## Task:
Restating the data word for word is all that is required.

## Provided data:
-.-.-
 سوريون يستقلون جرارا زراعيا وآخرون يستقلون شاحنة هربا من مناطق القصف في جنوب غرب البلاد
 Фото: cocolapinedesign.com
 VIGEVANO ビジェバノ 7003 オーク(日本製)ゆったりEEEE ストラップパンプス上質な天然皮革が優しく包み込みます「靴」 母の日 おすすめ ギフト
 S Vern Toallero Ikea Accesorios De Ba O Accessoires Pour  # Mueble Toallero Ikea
-.-.-
## Result of this task:
 سوريون يستقلون جرارا زراعيا وآخرون يستقلون شاحنة هربا من مناطق القصف في جنوب غرب البلاد
 Фото: cocolapinedesign.com
 VIGEVANO ビジェバノ 7003 オーク(日本製)ゆったりEEEE ストラップパンプス上質な天然皮革が優しく包み込みます「靴」 母の日 おすすめ ギフト
 S Vern Toallero Ikea Accesorios De Ba O Accessoires Pour  # Mueble Toallero Ikea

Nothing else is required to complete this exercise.